I think James Westbrook was my first ancestor to arrive on Australia's shores but as there is no way to verify the paternity of Elizabeth Phipps' offspring I cannot be 100% sure that he is my ancestor. 

James WESTBROOK, son of Edward WESTBROOK  and Elizabeth FITCHETT , was born on 3 November 1784 in London, England and was christened on 23 November 1784 in St.
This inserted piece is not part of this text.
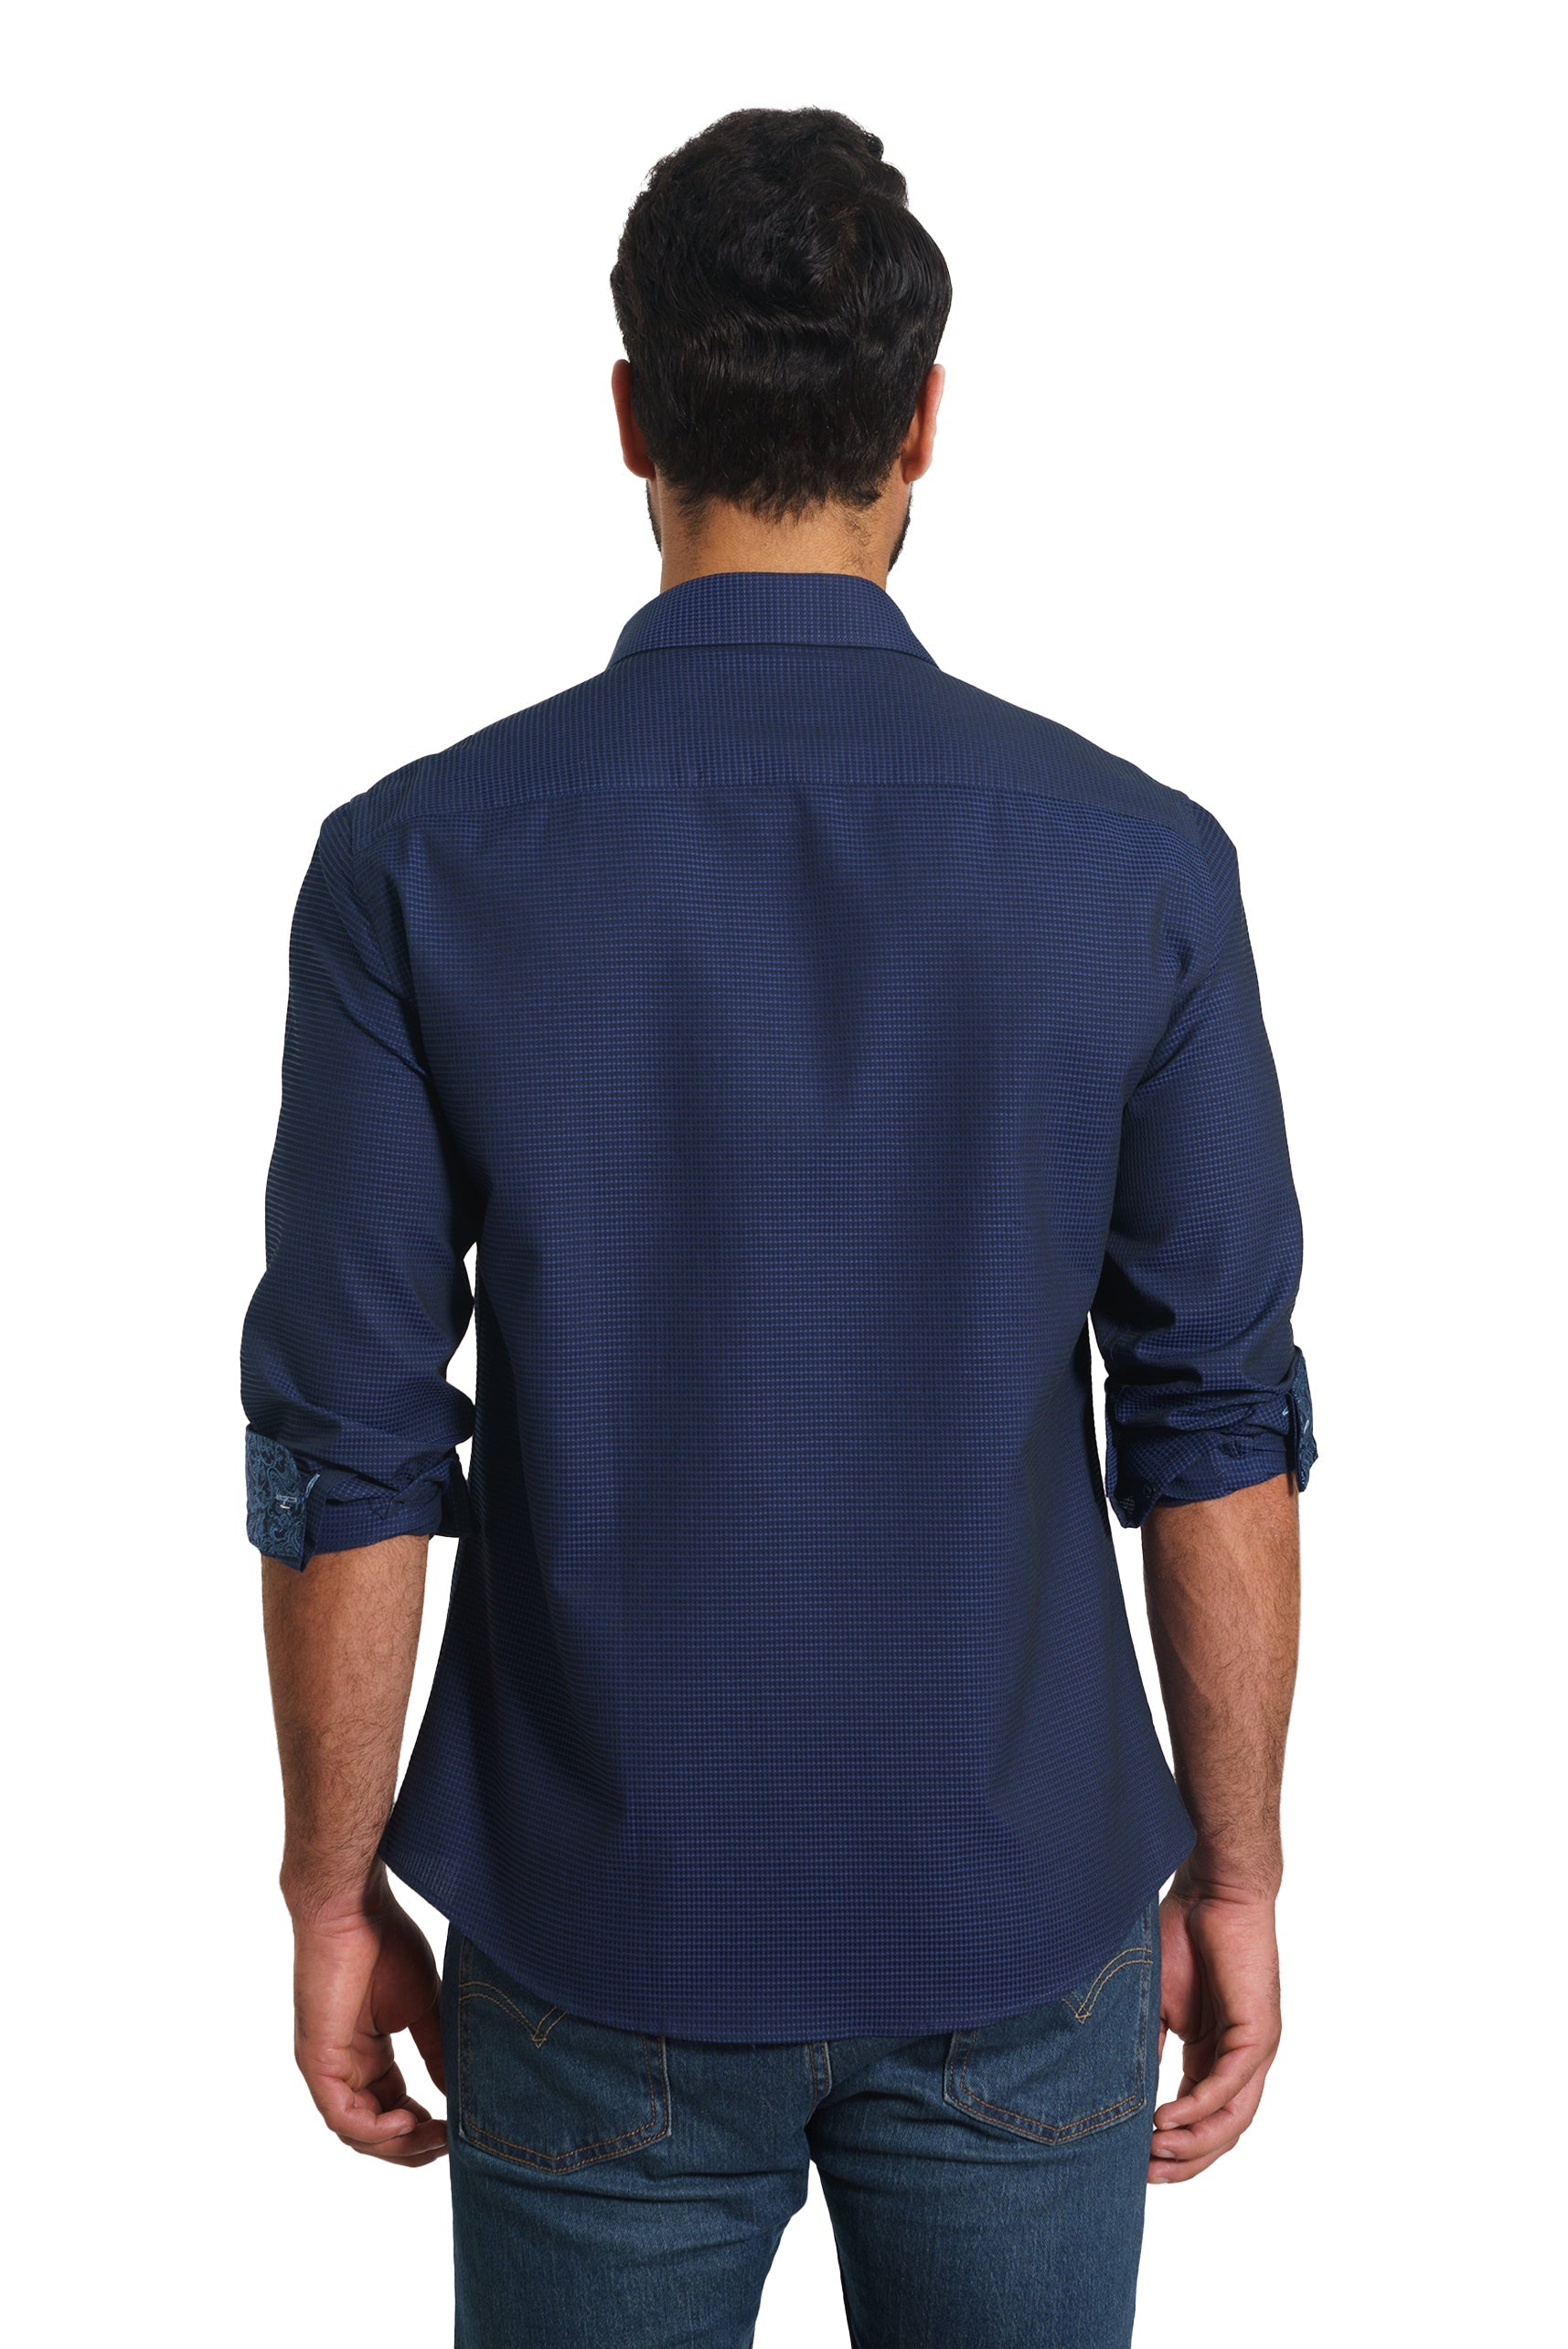 Navy Long Sleeve Shirt TH-2876 Back

Sepulchre Holborn, London, England.2  He claims to have married Elizabeth PHIPPS before 1812 in England but I cannot find any evidence to support this.  

On 1 April 1812 he was a butcher  living in Angel and Porter Court, Golden Lane Parish of St Luke Old Street, London, England with Elizabeth Phipps, a cotton spinner. He and Elizabeth had a bit of trouble with the law and found themselves before the court at The Old Bailey indicted for "feloniously breaking and entering the dwelling-house of Joseph Covington." A transcript of this trial is available online.

As a result the hapless pair were sentenced to Transportation.  James was one of 200 convicts who left England on the Earl Spencer on 2 June 1813 and arrived in the Colony of New South Wales  9 October 1813.  On arrival he was assigned to William Cox; James worked as part of Cox's gang that built the road over the Blue Mountains. 

James and Elizabeth were both assigned to the Windsor area and had several children together. It is just not clear which of Elizabeth's children were Westbrooks and which were fathered by William Magick.

He appeared in the convict muster in 1814 in Windsor, NSW, Australia.  Between January 1816 and January 1818 he was resident in Bathurst, NSW, Australia.  On 7 July 1818 he was  a prisoner resident in Bathurst and he reappeared in the convict muster in Windsor in 1822 with a Conditional Pardon. James earned his pardon as a result of the work he did for Cox on the building of the road. 

He appeared in the census in 1825 in Sydney listed with children Louisa, Harriett, Emily, William, Ann and Sarah. This could indicate that these were his children.  

In the 1828 Convict Muster he was back in the Windsor area at Richmond where it is presumed that he lived until his death.  James must have lead an ordinary life as I have not been able to dig up any stories about him on Trove!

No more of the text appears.